2018 French Open

Tournament details
- Dates: 23–28 October
- Level: Super 750
- Total prize money: US$750,000
- Venue: Stade Pierre de Coubertin
- Location: Paris, France

Champions
- Men's singles: Chen Long
- Women's singles: Akane Yamaguchi
- Men's doubles: Han Chengkai Zhou Haodong
- Women's doubles: Mayu Matsumoto Wakana Nagahara
- Mixed doubles: Zheng Siwei Huang Yaqiong

= 2018 French Open (badminton) =

2018 badminton tournament in Paris

The 2018 French Open (officially known as the Yonex French Open 2018 for sponsorship reasons) was a badminton tournament which took place at Stade Pierre de Coubertin in Paris, France, from 23 to 28 October 2018 and had a total prize of $750,000.

==Tournament==
The 2018 French Open is the twenty-first tournament of the 2018 BWF World Tour and also part of the French Open championships, which had been held since 1909. This tournament is organized by French Badminton Federation and sanctioned by the BWF.

===Venue===
This international tournament was held at Stade Pierre de Coubertin in Paris, France.

===Point distribution===
Below is the point distribution table for each phase of the tournament based on the BWF points system for the BWF World Tour Super 750 event.

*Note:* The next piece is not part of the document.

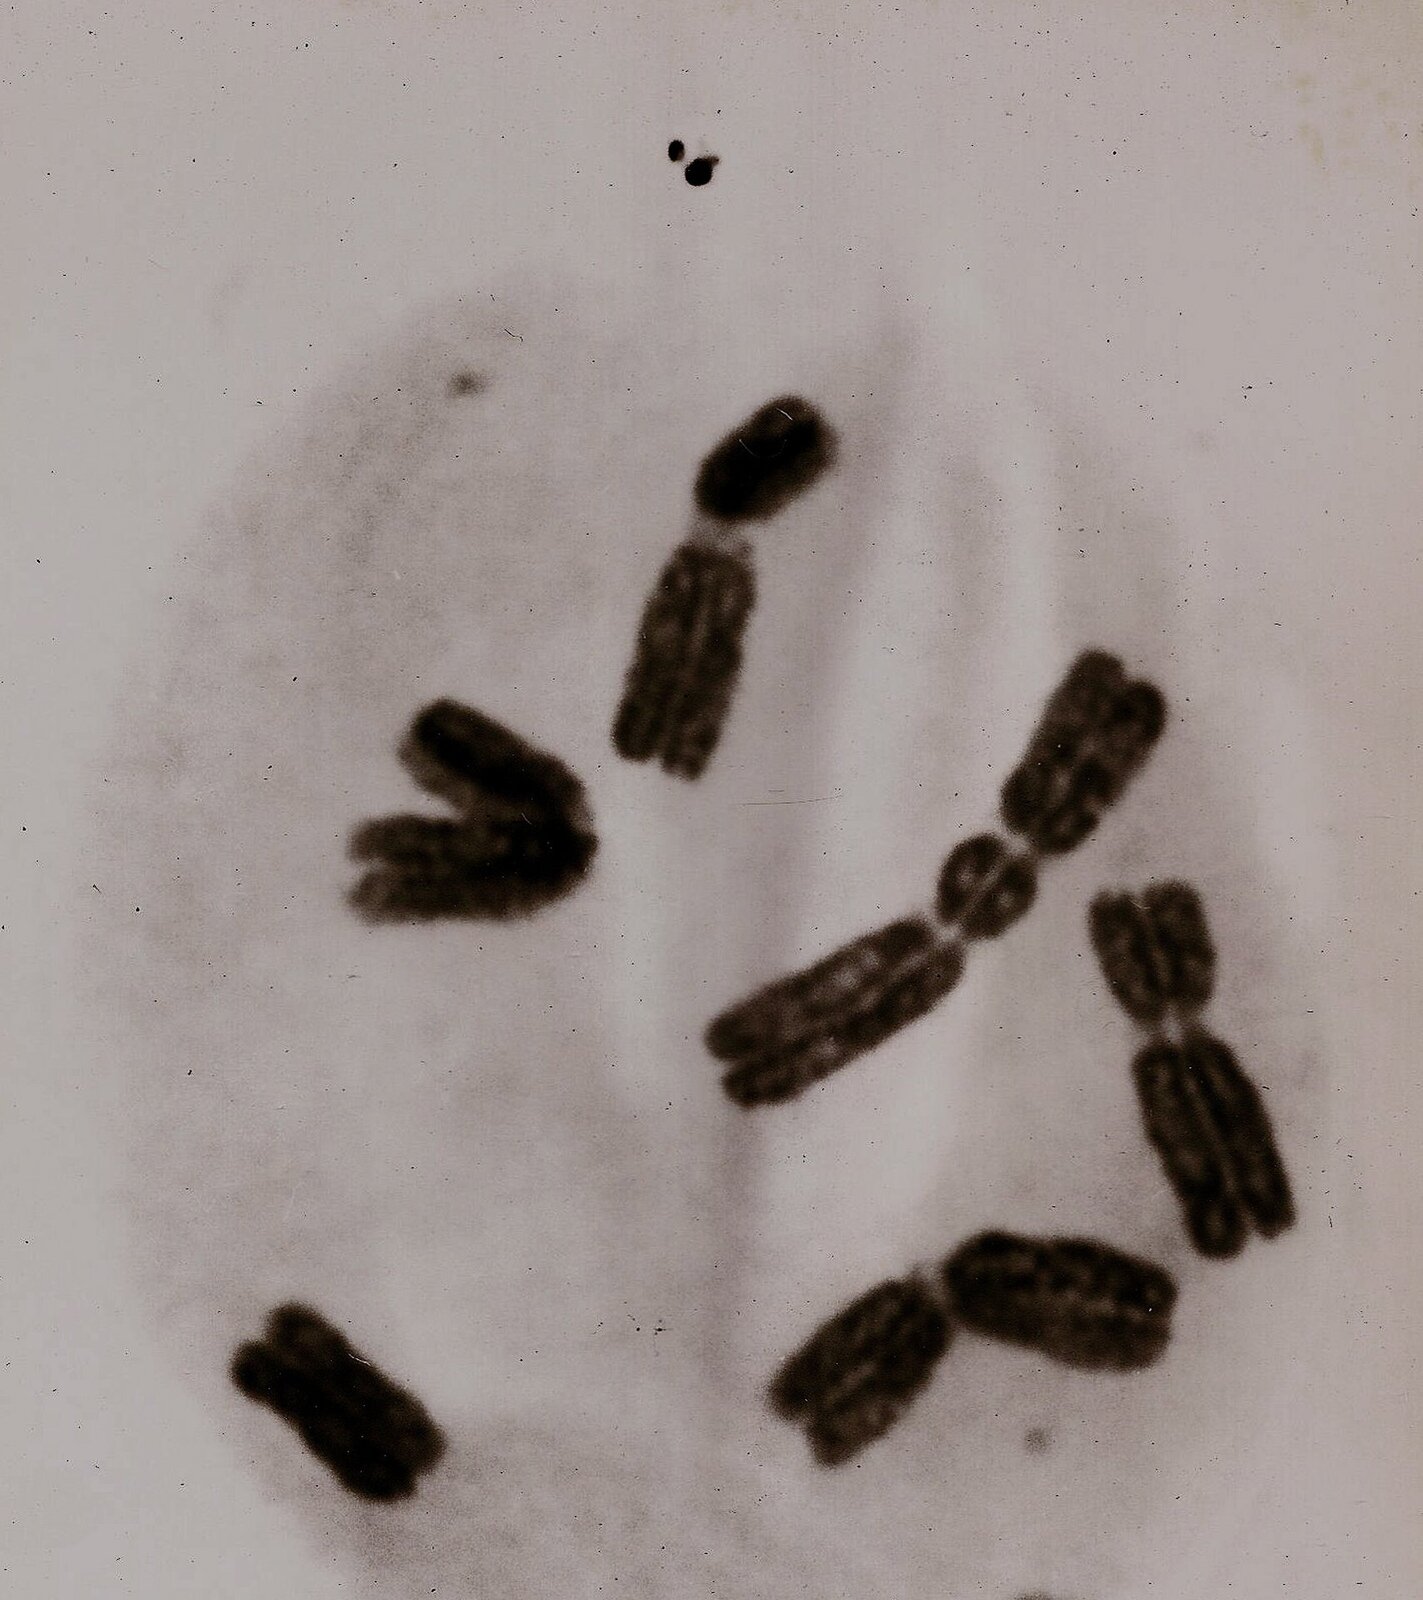 Rys. 8a. Zdjęcie przedstawia obraz mikroskopowy chromosomów człowieka, który uległ napromienieniu. Na szarym tle widać sześć układów chromosomów w postaci podłużnych czarnych brył różnie ułożonych.

| Winner | Runner-up | 3/4 | 5/8 | 9/16 | 17/32 |
|---|---|---|---|---|---|
| 11,000 | 9,350 | 7,700 | 6,050 | 4,320 | 2,660 |

===Prize money===
The total prize money for this year's tournament was US$750,000. Distribution of prize money was in accordance with BWF regulations.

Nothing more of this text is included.